Li Hui, Li Rong, Zhong Sen, Ren Hong, Zou Yongsheng, Chen Xuanshi, Shi Xiaoling, Wang Mingyong, Long Han'an, Luo Yuebei
The Affiliated hospital of Luzhou Medical College, Luzhou, Sichuan 646000, China.
Vaccine. 2006 Feb 27;24(9):1315-23. doi: 10.1016/j.vaccine.2005.09.025. Epub 2005 Sep 27.

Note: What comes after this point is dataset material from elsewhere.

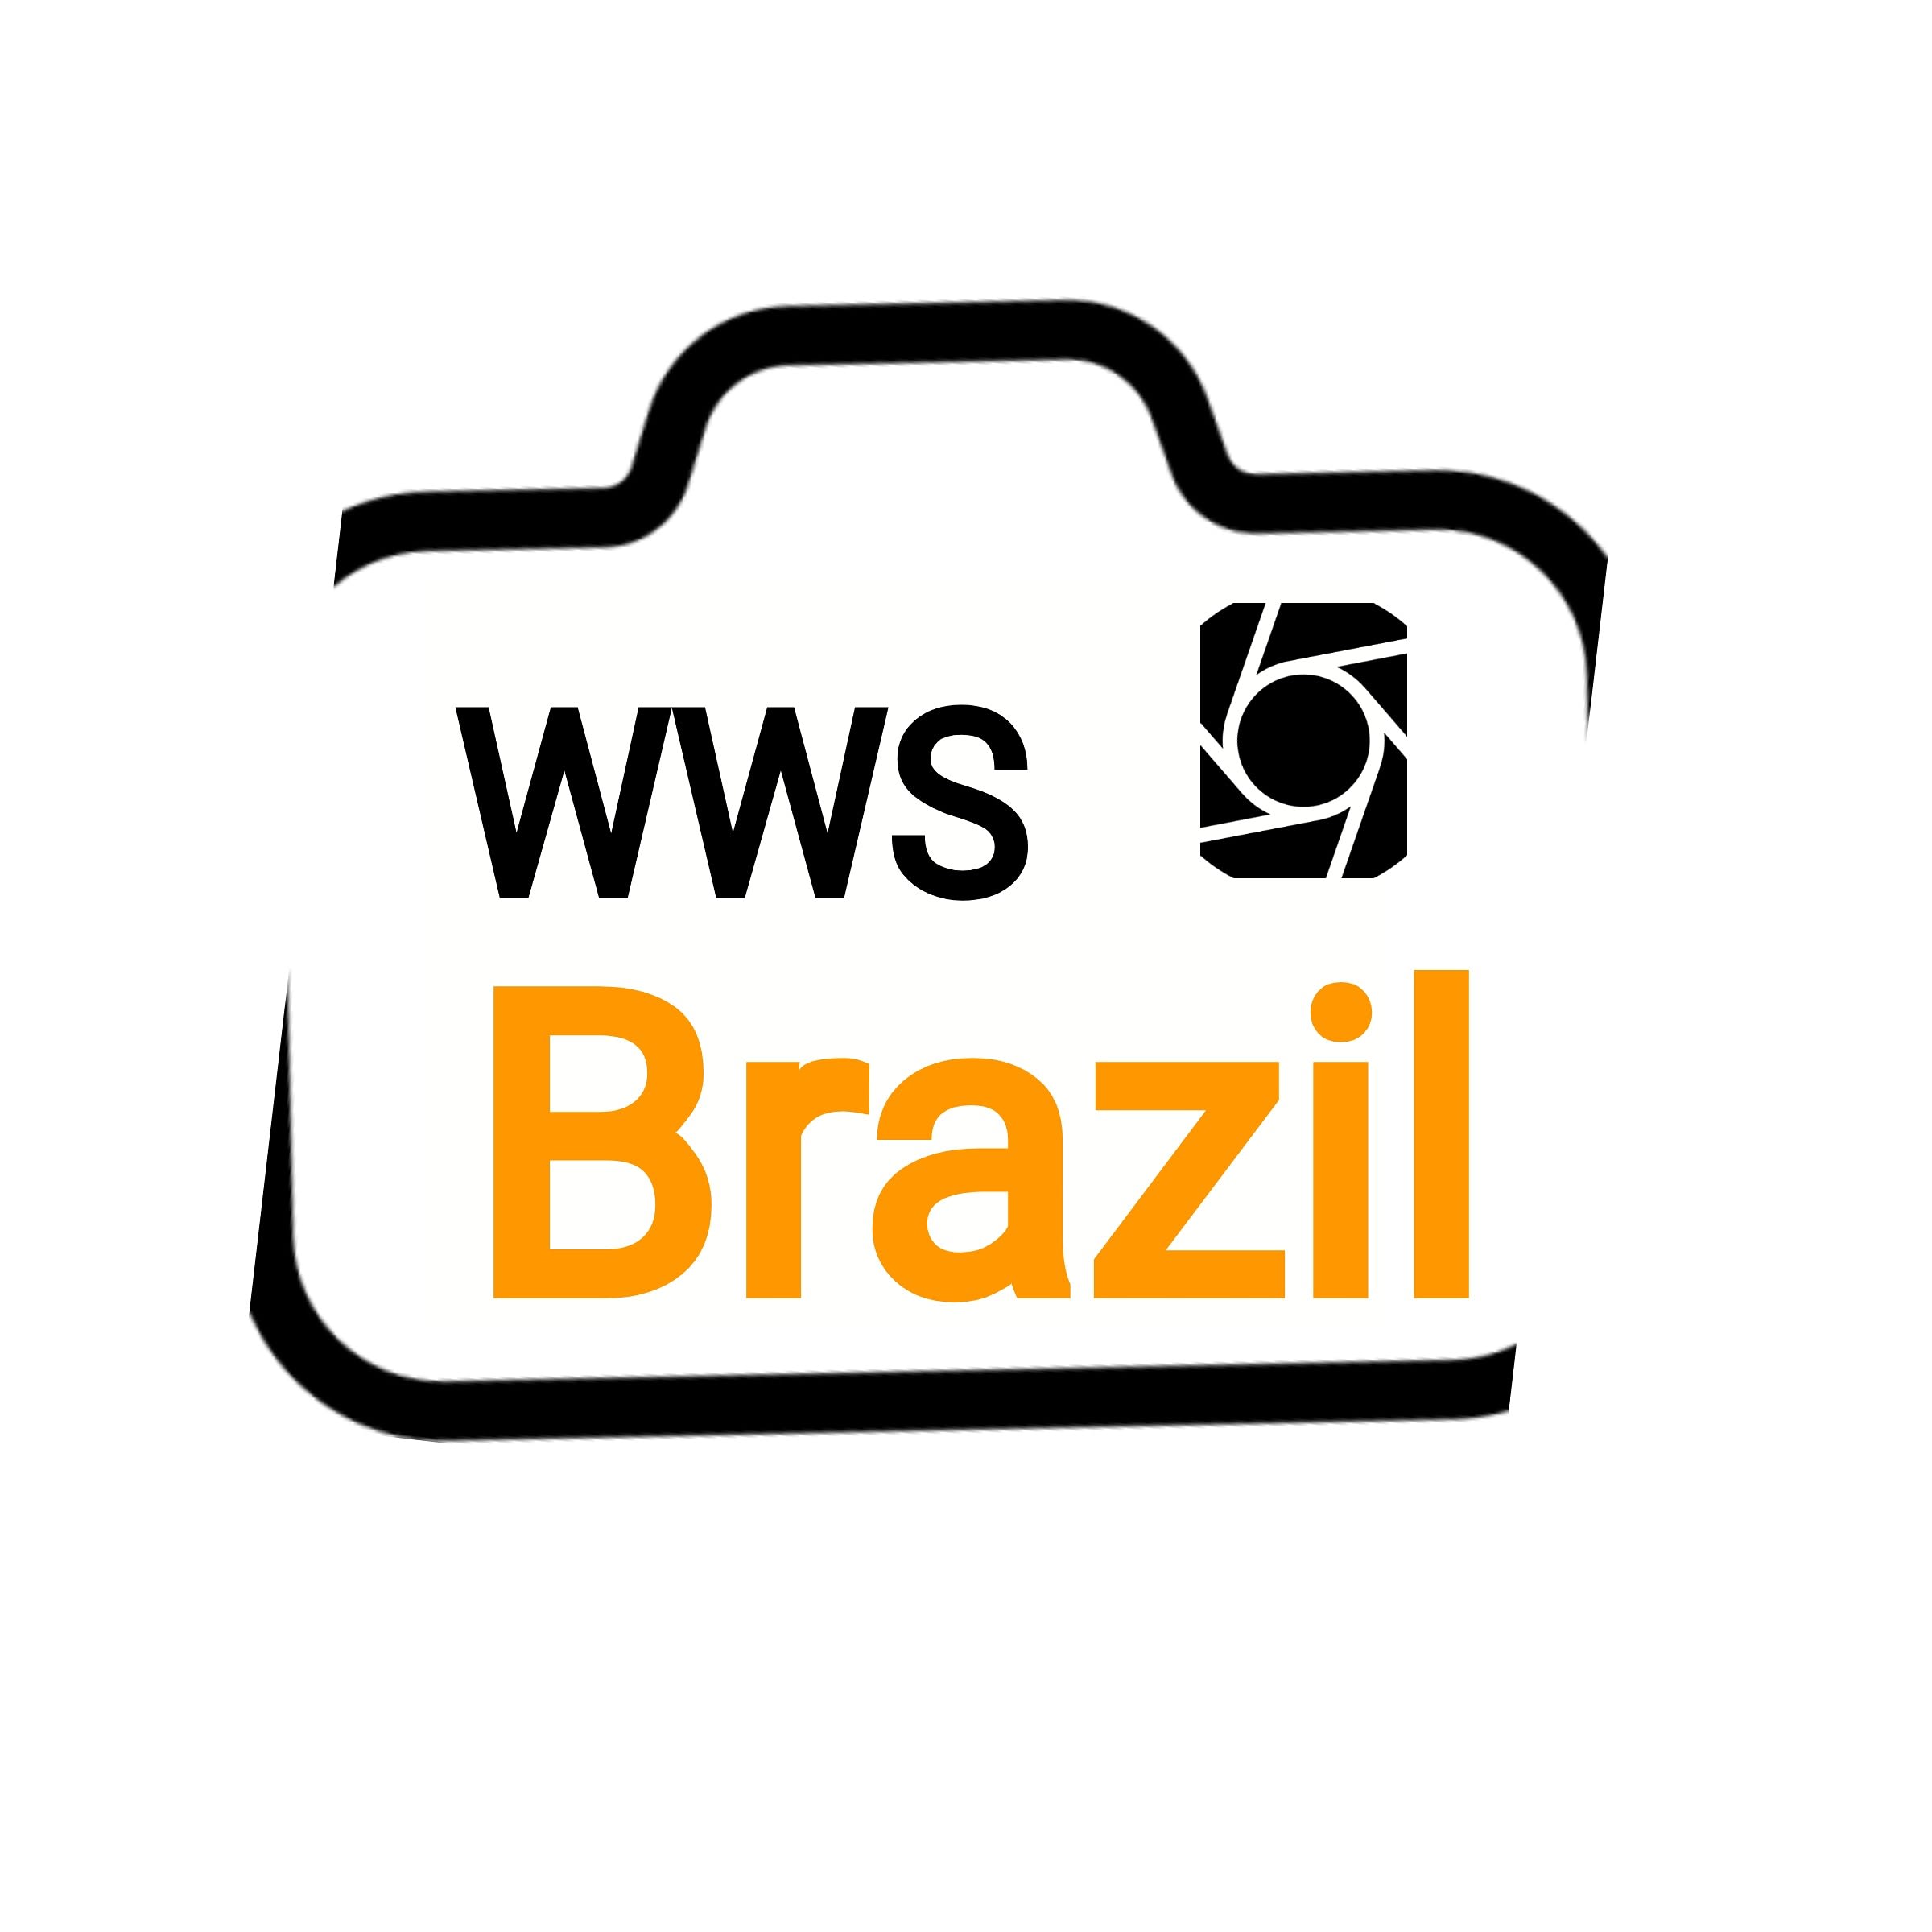 WWS Brazil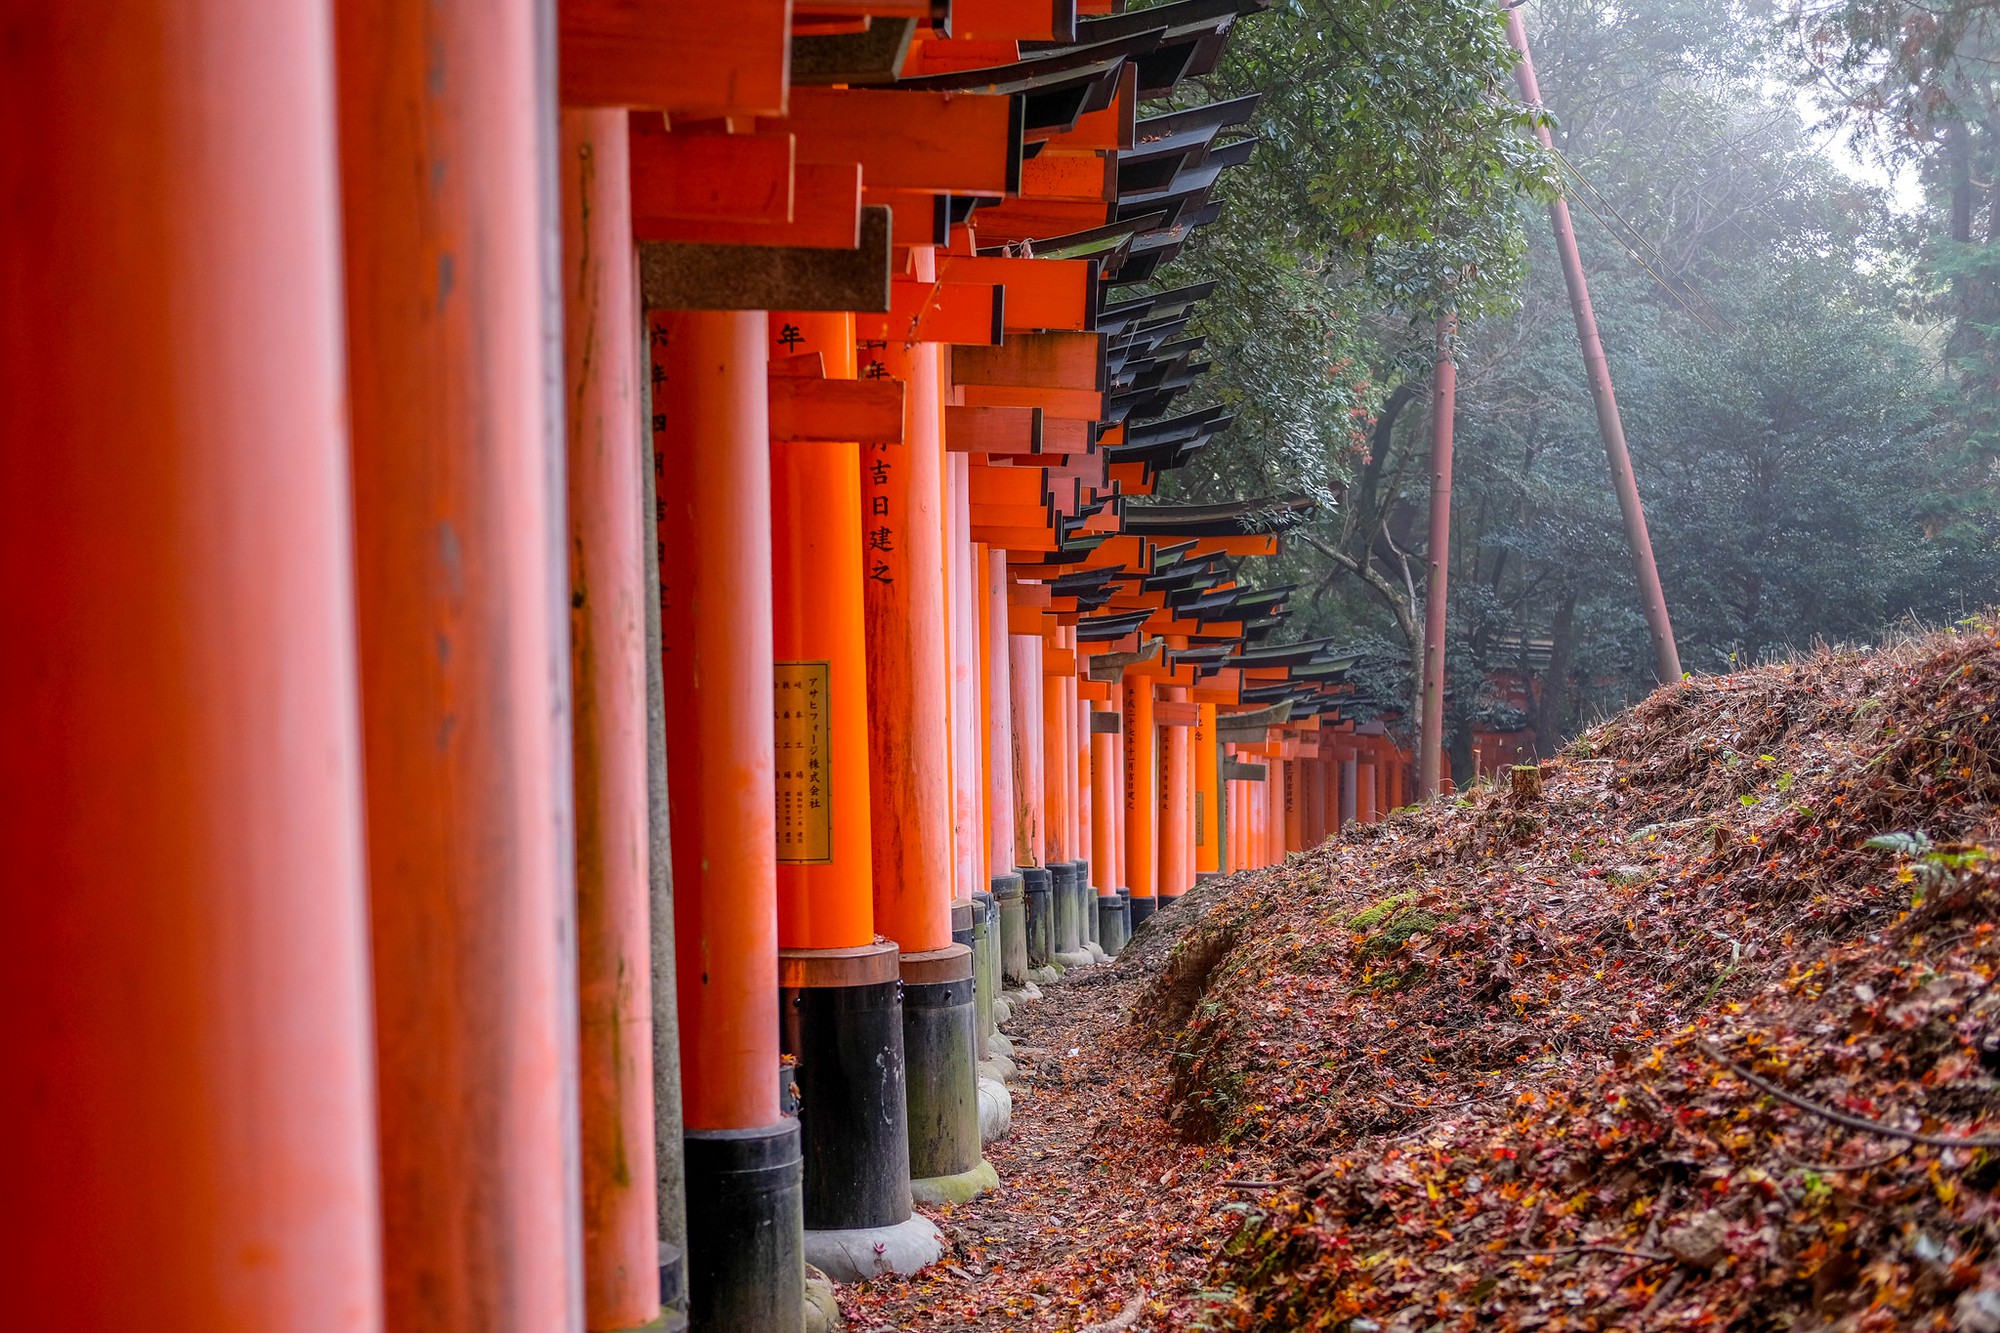 Torii Gates at Fushimi Inari Shrine. Credit: sergejf. Licensed under CC 2.0.

DNA vaccination has emerged as a powerful approach in the search for a more efficacious vaccine against tuberculosis (TB). In this study, we evaluated the immunogenicity and protective efficacy of Mtb8.4/hIL-12 chimeric gene vaccine. The Mtb8.4/hIL-12 chimeric gene was amplified by PCR and cloned into the eukaryotic expression vector pCI-neo. C57BL/6N mice were vaccinated with Mtb8.4/hIL-12 chimeric gene vaccine for three times at 3 weeks intervals. Four weeks after the final inoculation, three mice per group were sacrificed to assess cytokine response and CTL induction and the other five mice per group were challenged intravenously in a lateral tail vein with 1 x 10(6) CFU of virulent Mycobacterium tuberculosis H37Rv. Spleen and the left lung were harvested from each mouse at 4 weeks after infection and homogenized in sterile saline. Serial dilutions of organ homogenates were plated on L-J agar and incubated 37 degrees C until colonies were visible 4 weeks later. Protective efficacies in each experiment were expressed as reduced CFU and were compared with the negative control group. The right lung was obtained from each mouse and immediately inflated with and stored in 10% formalin saline. Tissues were embedded in paraffin, sectioned and stained with hematoxylin and eosin. Mtb8.4/hIL-12 chimeric gene vaccine induced the secretion of more of Th1 cytokines, but not IL-4 and enhanced CTL activity. Mice immunized with Mtb8.4/hIL-12 chimeric gene vaccine had fewer and smaller tubercles than control groups. As expected, control mice had the highest bacterial loads in both lung and spleen. Immunization with Mtb8.4/hIL-12 chimeric gene vaccine could remarkably reduced CFU counts in organs. When it was used to construct the chimeric gene vaccine, hIL-12 could improve the immune efficacy of Mtb8.4 gene vaccine.
DNA疫苗已成为寻找更有效抗结核(TB)疫苗的一种有力方法。在本研究中,我们评估了Mtb8.4/hIL-12嵌合基因疫苗的免疫原性和保护效力。通过PCR扩增Mtb8.4/hIL-12嵌合基因,并将其克隆到真核表达载体pCI-neo中。C57BL/6N小鼠每隔3周用Mtb8.4/hIL-12嵌合基因疫苗接种3次。末次接种后4周,每组处死3只小鼠以评估细胞因子反应和CTL诱导,每组另外5只小鼠经尾静脉外侧静脉注射1×10(6)CFU强毒结核分枝杆菌H37Rv进行攻毒。感染后4周从每只小鼠采集脾脏和左肺,在无菌盐水中匀浆。将器官匀浆的系列稀释液接种于L-J琼脂平板,37℃孵育至4周后可见菌落。每次实验中的保护效力以CFU减少量表示,并与阴性对照组进行比较。从每只小鼠获取右肺,立即用10%甲醛生理盐水充气并保存。组织用石蜡包埋、切片,并用苏木精和伊红染色。Mtb8.4/hIL-12嵌合基因疫苗诱导分泌更多的Th1细胞因子,但不包括IL-4,并增强了CTL活性。用Mtb8.4/hIL-12嵌合基因疫苗免疫的小鼠比对照组有更少、更小的结核结节。正如预期的那样,对照小鼠在肺和脾脏中的细菌载量最高。用Mtb8.4/hIL-12嵌合基因疫苗免疫可显著降低器官中的CFU计数。当用于构建嵌合基因疫苗时,hIL-12可提高Mtb8.4基因疫苗的免疫效力。